FREDONIA, Pa. — As a young boy, Tyler Zebrovious asked Santa for “more ropes” for Christmas. Now, at 16, not much has changed.
For Zebrovious, of Fredonia, Pennsylvania, the endless hours with a rope in-hand has paid off: The high school junior has qualified for the National High School Rodeo the last two years.
This year, he did so during the All American Quarter Horse Congress in October, winning multiple events including the youth dally team roping, youth breakaway roping; and placing second and third in youth calf roping on two different horses.
Tyler qualified four horses — Damrons Red Man, Graves Derby Pepper, Eye Twist Hard and Graves Bailey Pepper — for the national competition, which will be in Wyoming next July.
Tyler, a third generation roper and junior at Lakeview High School, is no stranger to success, as he was honored with both Ohio High School Rodeo Rookie of the Year and Cowboy of the Year in 2015.
Dave Zebrovious, Tyler’s father, also enjoys roping and has competed and won many events, learning from his own father who roped in Wild West shows across the country.
“I grew up around roping,” Dave said. “As a child, I thought everybody did it. I learned so much from the experiences of those around me.”
Dave and Tyler have also won roping competitions together.
“I love to compete,” said Dave. “But my focus right now is on Tyler, getting him to competitions and helping him succeed.”
He says the sport teaches responsibility, ownership and discipline.
“Success doesn’t fall out of a tree, you have to work for it. Rodeo puts you in pressure situations, helping youth to think and act on their feet,” Dave said.
Tyler has had a rope in his hand since he was 3 or 4 years old, recalls Dave.
The teen has won four saddles, more than 50 belt buckles and many ribbons and trophies over the years. It seems to come natural to Tyler, but it is all about the offseason, he said.
In the offseason, during the winter, Tyler practices every night in between school and wrestling practice and matches.
He enjoys being out in the barn and keeping his skills sharp, and practices on dummy animals and live calves, steers and goats. He admits that, if allowed during the summer, he would practice all day.
“It is addicting. I love it.”
“Tie-down roping is my favorite,” Tyler said. “It is just you and your horse, you don’t have to worry about anyone else.”
The Ohio High School Rodeo Association is more than rodeo competitions, there is leadership training through activities and roles within the association. The association also offers scholarships and serves as a link to university rodeo recruiters, Tyler said.

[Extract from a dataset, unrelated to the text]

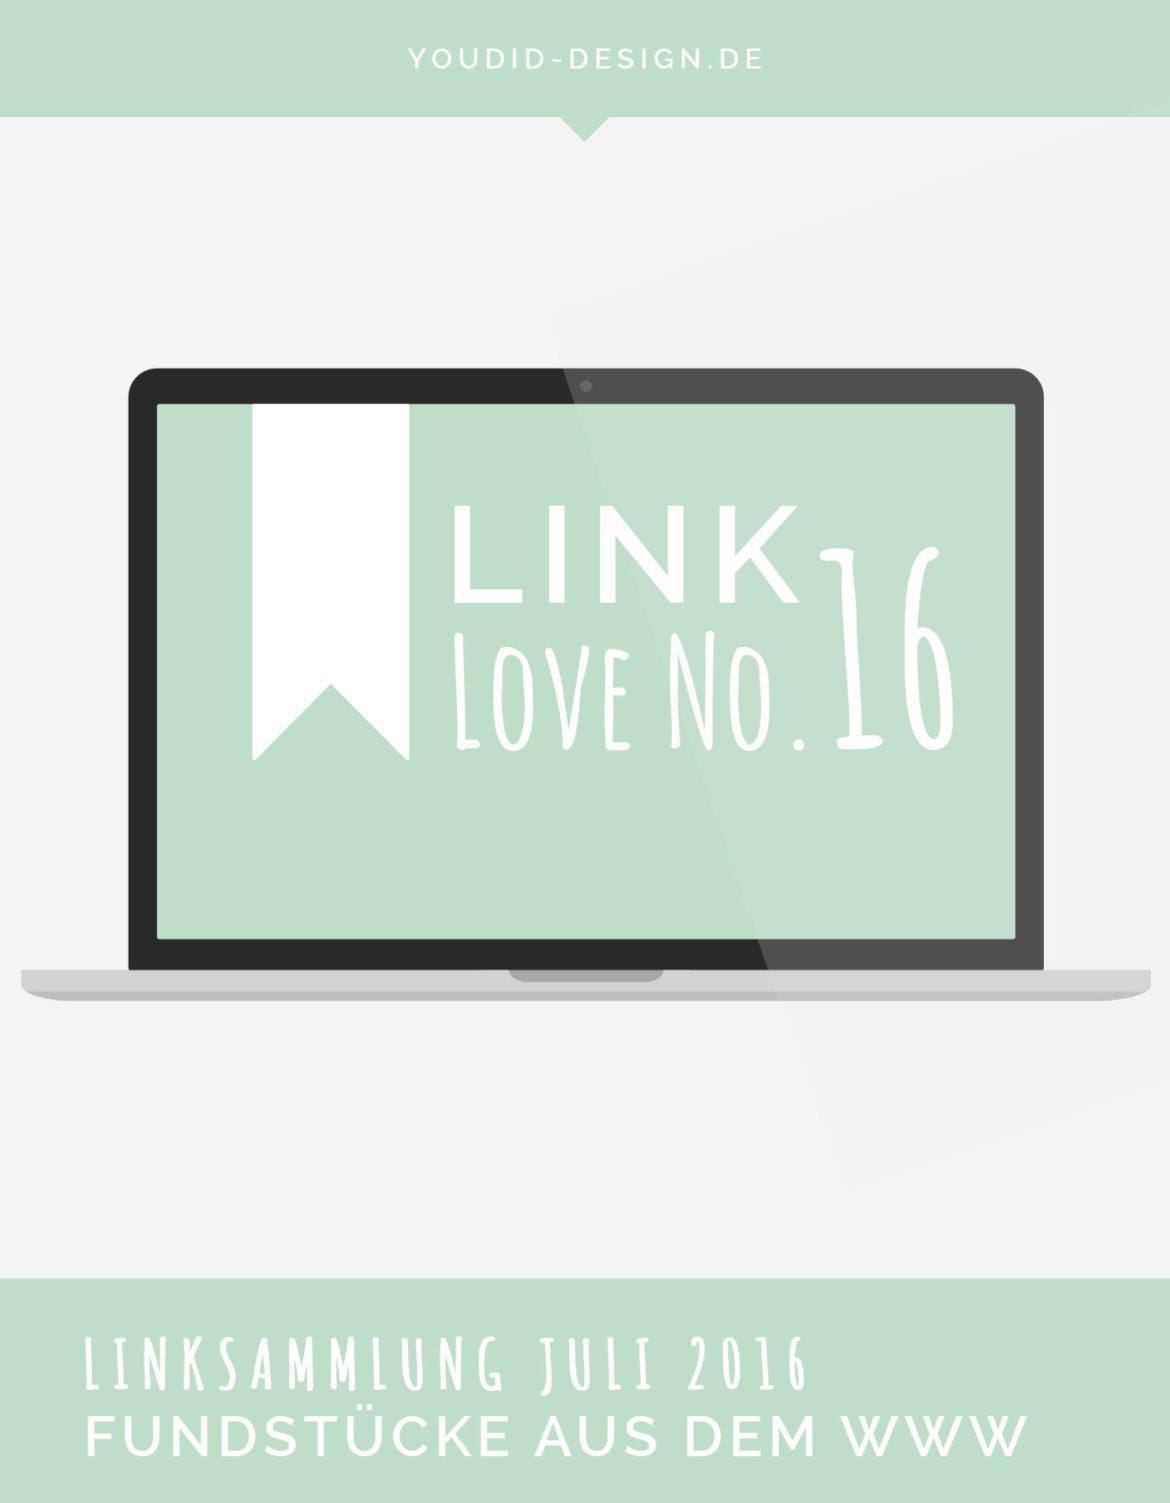 Linksammlung Linklove No 16 Juli 2016   www.youdid-design.de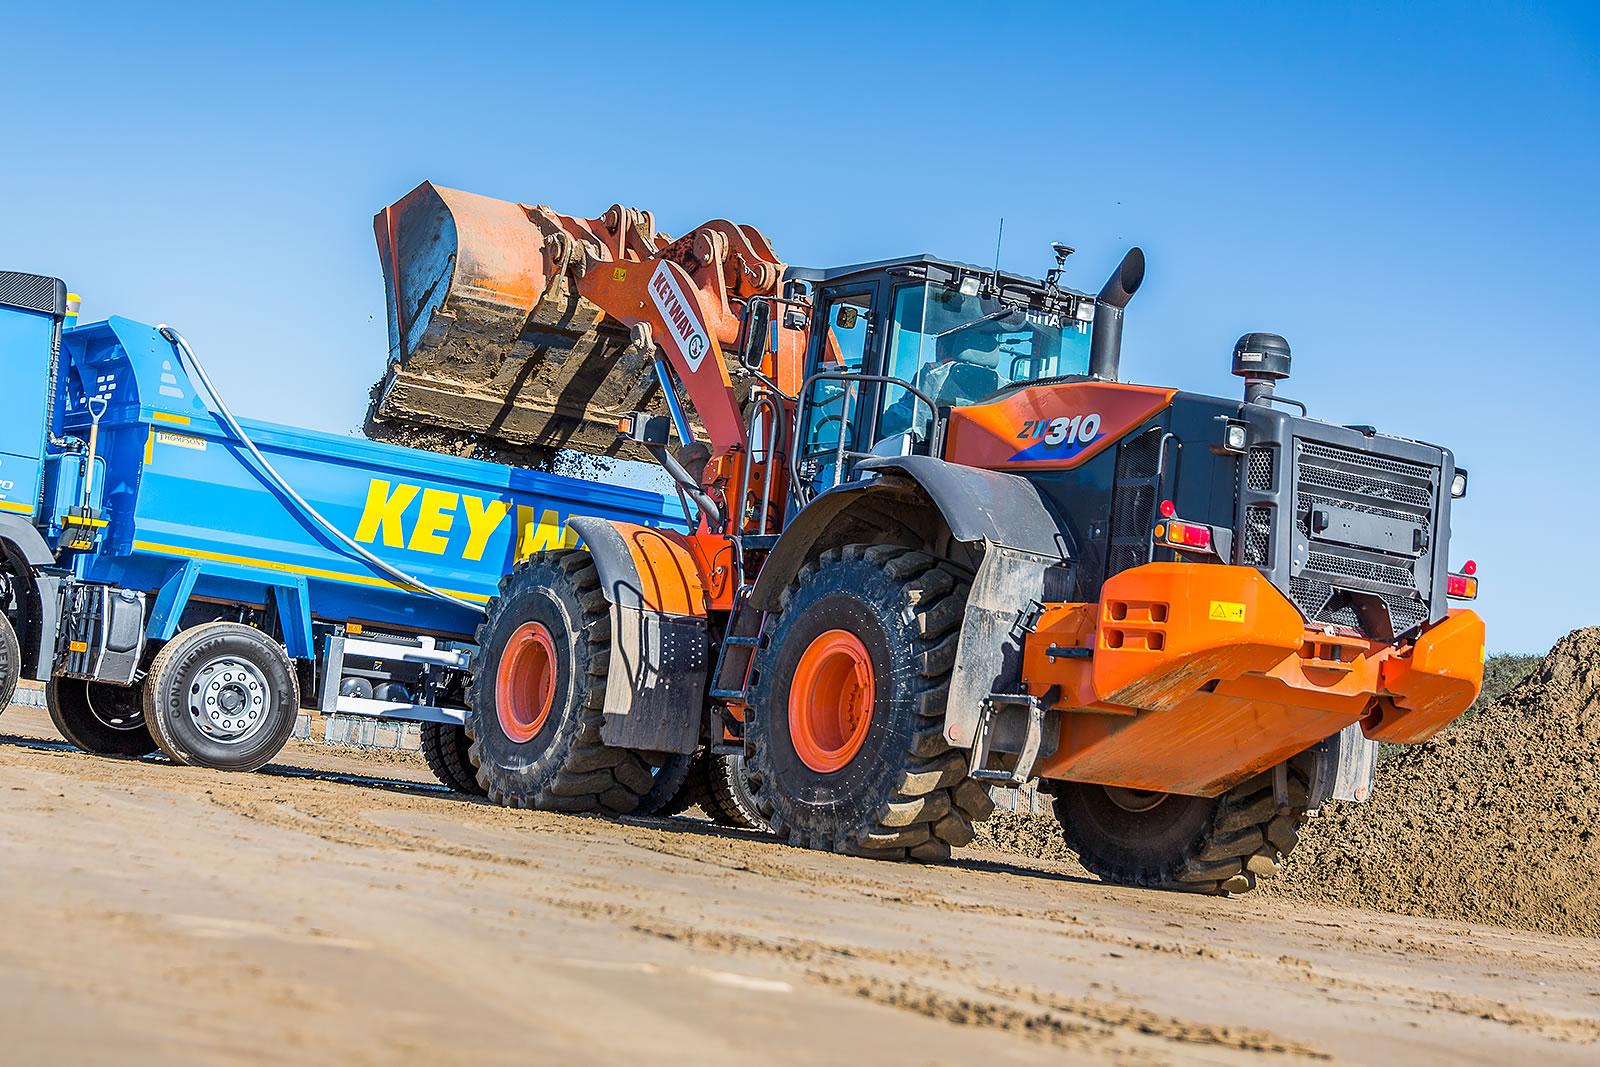 Hitachi ZW310-6 wheel loader unloading material on Weston beach

Tyler has taken on a leadership role in OHSRA as well, as a student event director for steer wrestling. Although Pennsylvania does have a high school rodeo association, most of the events are on the eastern side of the state, making his involvement in Ohio’s group more convenient.
As Tyler’s awards add up, so do the expenses.
“A good horse is normally $10,000 or more, calving ropes are $40 a piece and Tyler goes through 10 to 15 a month. They just get worn and once they get past a certain point, they don’t allow you to perform at your peak,” Dave said.
Dave Zebrovious buys young stock and trains them, and can recognize after a few months, if they will be competition material or not. “You need a horse with a good work ethic, with a good mental discipline.”
All of the horses Tyler competes on are registered Quarter horses, which he thinks have the most sound mental ability and discipline.
At the Zebrovious family ranch, Circle Z Bar Ranch, they teach roping, riding and a lot of safety to all ages.
“It is important to have the right saddle and proper equipment,” Dave said. “It’s like playing tennis in heels — you have to have the right equipment sized for each horse so it doesn’t hurt them or you.”
At the ranch they have anywhere from six to 12 calves, 25-30 steers and 20 horses at all times to use in practicing and training.
“While training kids, it is important to have the right cattle — safety is important. We use protective head gear on the cattle when we train to reduce injuries,” Dave said.
With indoor and outdoor arenas at the ranch, they teach lessons year-round and help youth and adults get involved in roping. A low cost way to get started is goat roping, which is also a lot of fun, said Dave.
He started the United States Goat Roping Association nearly a decade ago.
“The top cowboys travel with goats to keep sharp,” Dave said. “Goat roping is great practice, and being all on foot, it gets others interested in the sport.”
The Zebrovious family travels across the country to compete in roping events, and many times, Tyler has to bring his school work with him so he doesn’t fall behind.
He keeps focused on getting better each day so he can move on in the sport. Tyler knows the next step is to join a university rodeo team, but he is not sure where he wants to go yet, and he is still undecided on a major.
He will get back to competing in the spring, but the winter offseason means more training, so he ropes a dummy steer, over and over, before heading to wrestling practice.